Insan released on 14 January 2005 to mixed reviews from critics, with most of them praising Kumar's performance, but was commercially unsuccessful, grossing only ₹104.1 million worldwide against a budget of ₹125 million.

==Plot==
Amjad is an autorickshaw driver who is searching for his long-lost brother Munna who since went missing and a struggler Avinash wants to be a star in the Bollywood Industry and win awards. Amjad wants to marry his lover Heena. But her parents want her to marry a rich man. So Amjad plans to win her parents' trust through playing a fake drama with Avinash and his friend to pretend and act as fake goons, and they involve Rathod to arrest and win Heena's heart. The plan goes wrong as real goons appear, but Amjad fights them, leading Heena's parents to agree to marry her to Amjad.

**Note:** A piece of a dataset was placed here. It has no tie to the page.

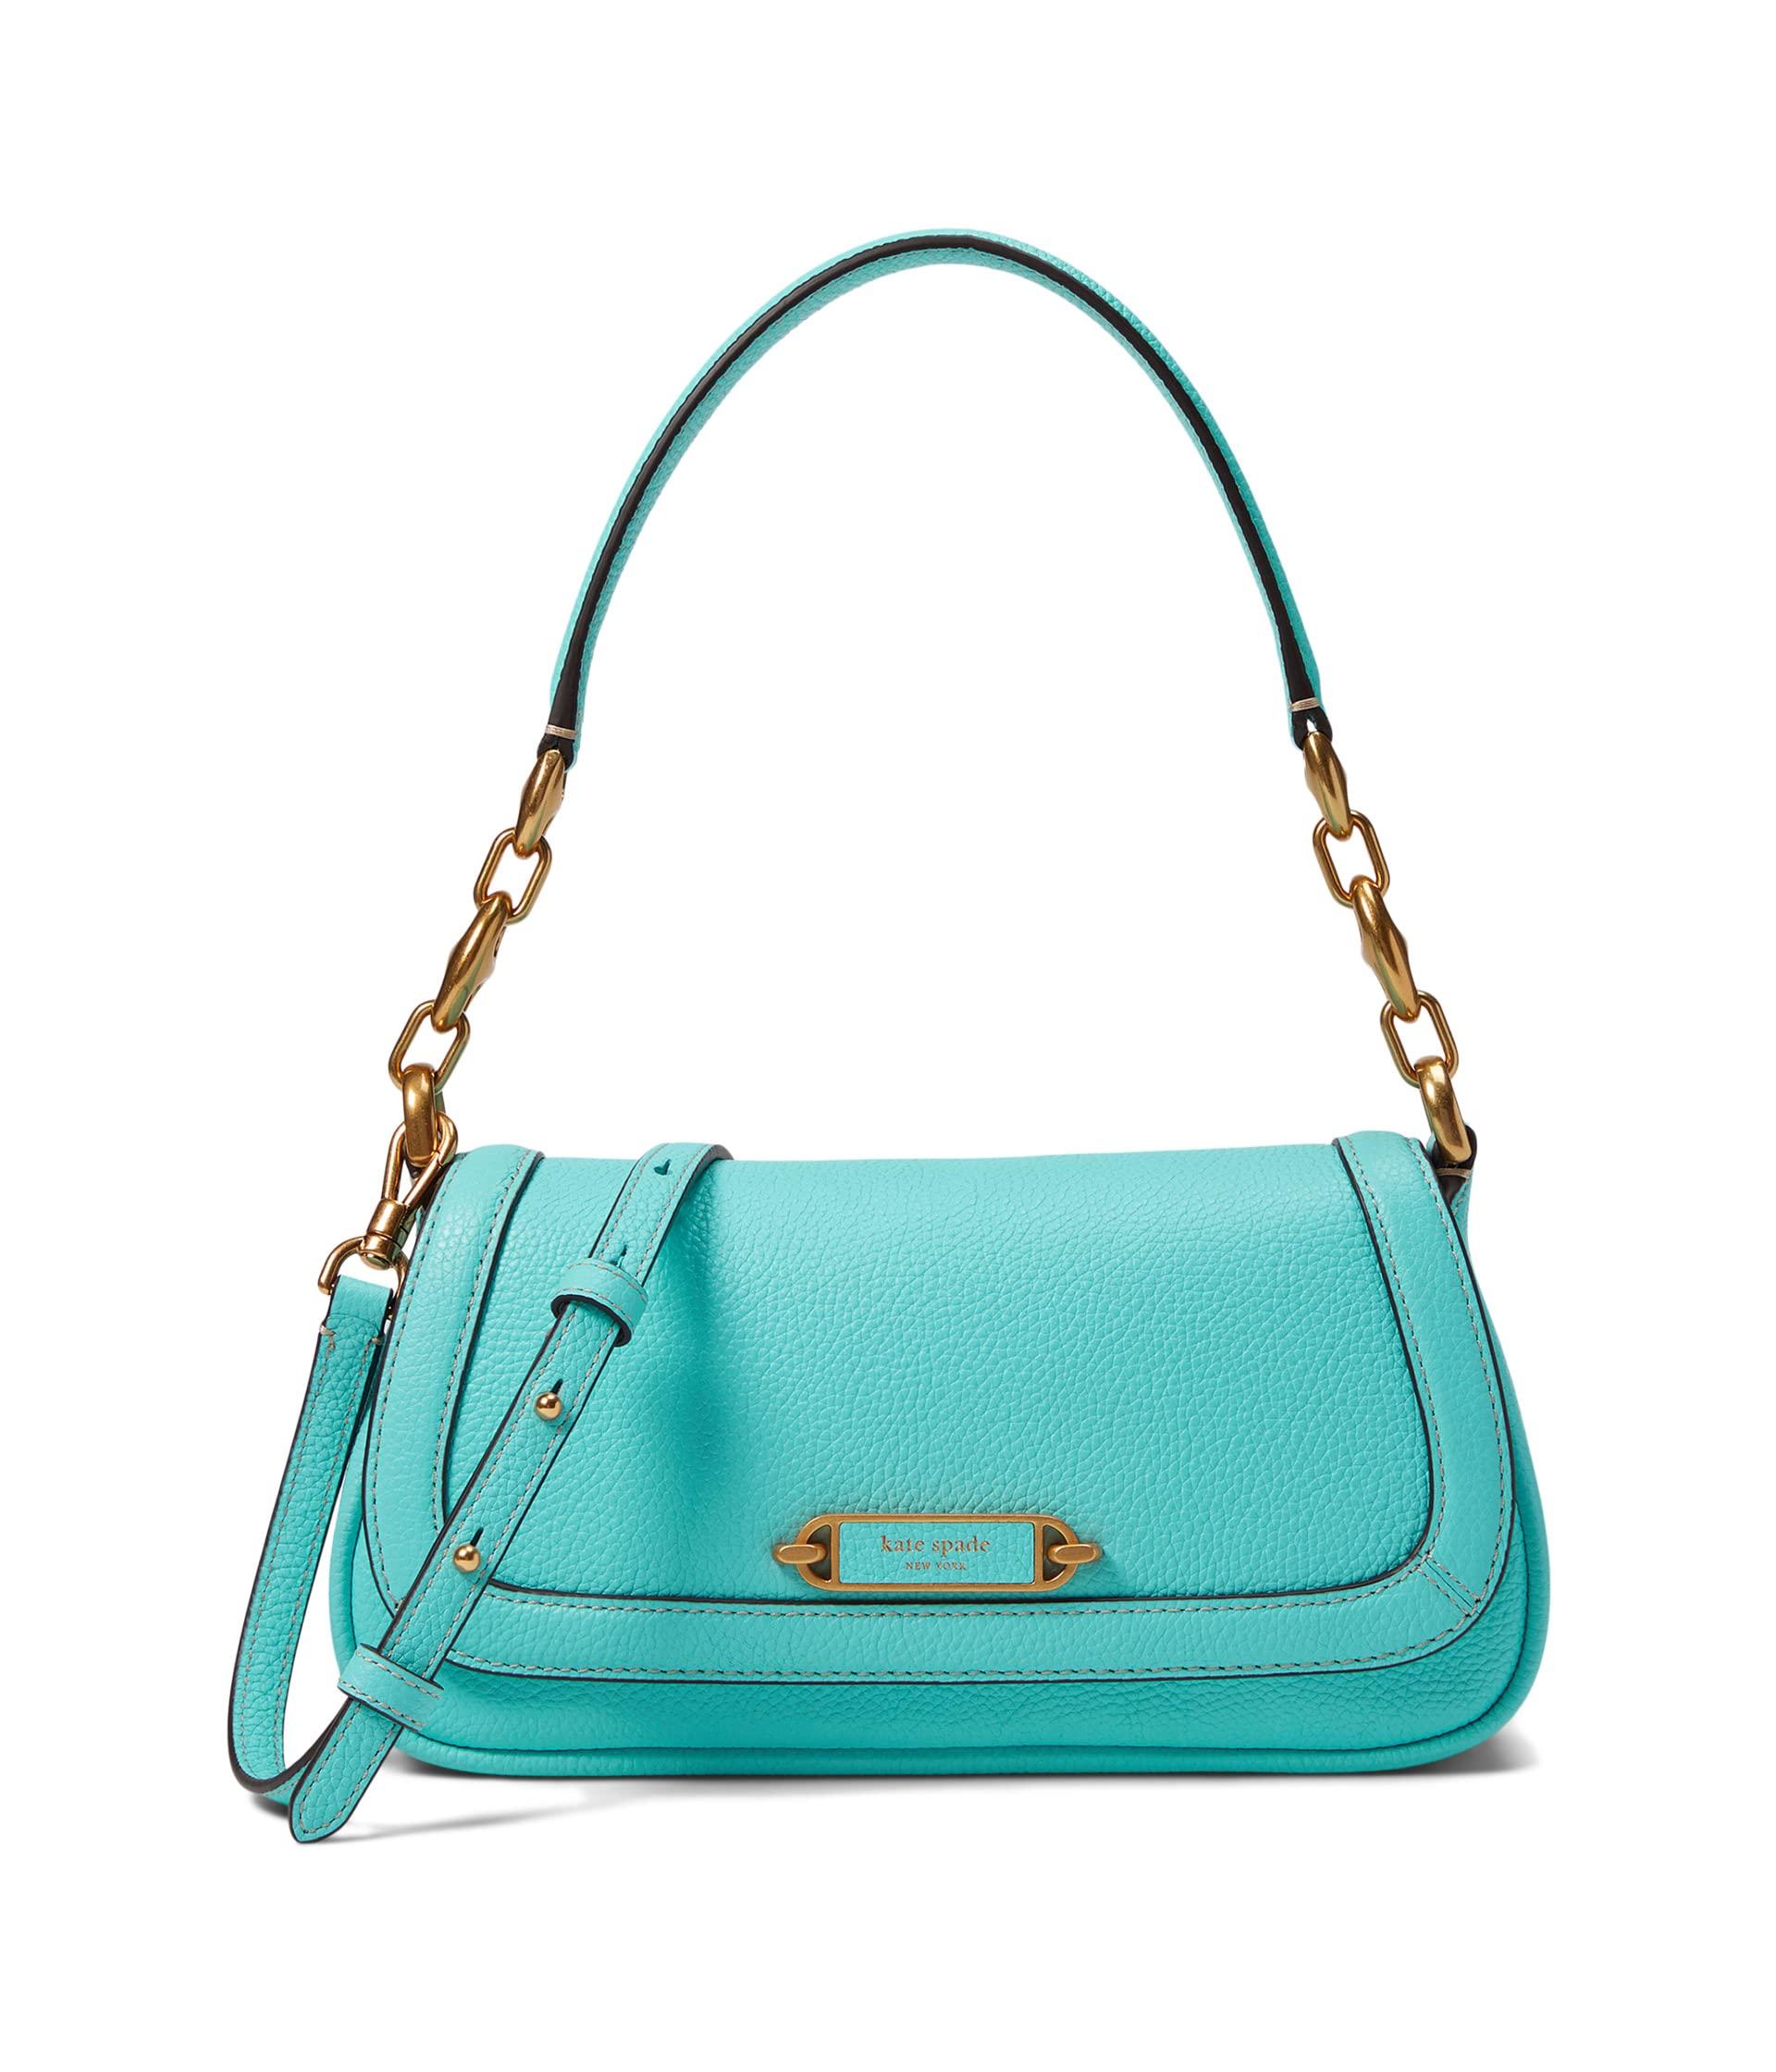 Kate Spade Gramercy Pebbled Leather Small Flap Shoulder Bag in Blue | Lyst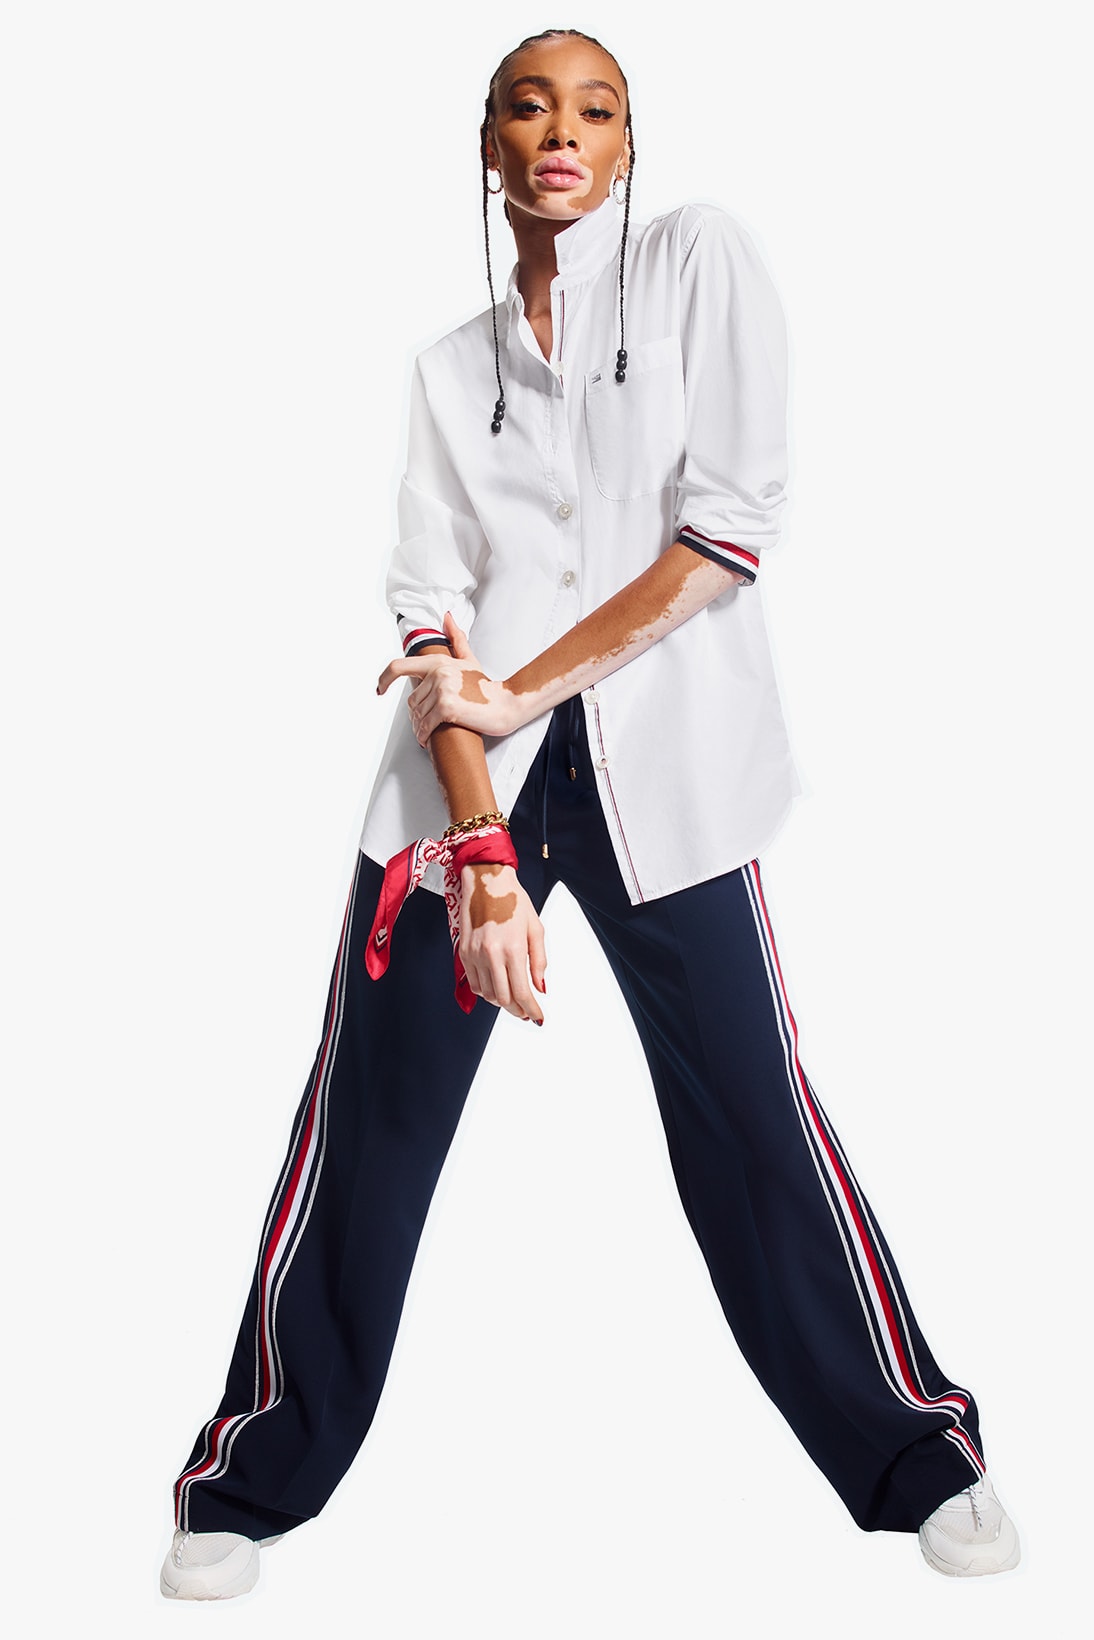 tommy Hilfigger hilfiger icons spring womens collection winnie harlow candice swanepoel campaign red white blue outerwear jackets

Meanwhile, Inspector Ajit Rathod a police officer is on a mission to eliminate a notorious terrorist Azhar who killed his wife in the past and the latter is underground from the eyes of the law and is planning to destroy Mumbai in order to release his aide Masood, who was arrested by Ajit. Avinash, who is a struggler, on the other hand, loses his job as an extra in films after an argument with an egoistic actor. A newcomer, Indu, is helped by Avinash to enter the industry, and soon both fall in love with each other, not knowing that she had been subjected to a compromise with the producer, Agarwal. Hopeless, Avinash decides to be an autorickshaw driver, but Indu apologises and encourages Avinash to be a good actor. Soon, Avinash and Indu's luck turns when the filmmaker casts them as leads in his next film after being impressed by their acting skills. Meghna, a news reporter, develops a liking for Rathod, but the latter is still traumatised and angered by his wife's death.

Azhar returns home after the exile, but seeking the same motive of destruction: planning a bomb blast on a train with passengers. He kills Rathod's friend, Inspector Deepak, and is on the loose. Rathod learns that Azhar is none other than Amjad's younger brother, Munna and arrests Amjad. Azhar calls Rathod at the Bandra Terminus, where he has kept passengers as hostages. He asks to make a deal to release Masood and Amjad and demands a helicopter for escaping to Pakistan.

Rathod goes according to the plan and reaches the station, where a horrified Amjad learns that his brother is a terrorist. Amjad pleads with Azhar to leave the innocent people, but the latter denies by naming his actions as jihad. A fight ensues during an explosion at the station, which kills Azhar's men. Just when Azhar and Masood try to attack Rathod and Amjad, both shoot them down. Rathod condoles Amjad, to which the latter refuses and disowns Azhar instead, stating that any person who kills innocent people in the name of religion should be gunned down. At the end, Rathod, Amjad, and Avinash, along with the hostages, return from the ambush.

==Soundtrack==

Songs
| No. | Title | Playback | Length |
|---|---|---|---|
| 1. | "Chunri" | Alka Yagnik, Udit Narayan |  |
| 2. | "Chunri" (Instrumental) | – |  |
| 3. | "Is Tarah Deewane" | Kunal Ganjawala, Sunidhi Chauhan |  |
| 4. | "Khwahish" | Alka Yagnik, Sonu Nigam |  |
| 5. | "Rabba Mere Rabba" | Alka Yagnik, Udit Narayan |  |
| 6. | "Rabba Mere Rabba" (Sad) | Alka Yagnik |  |
| 7. | "Rain Rain" | Shaan, Sunidhi Chauhan |  |

==Critical reception==
Sumit Bhattacharya from Rediff criticised the film, stating, "Insan could be good for you. If you suffer from depression, or are traumatised, or suffer from insomnia".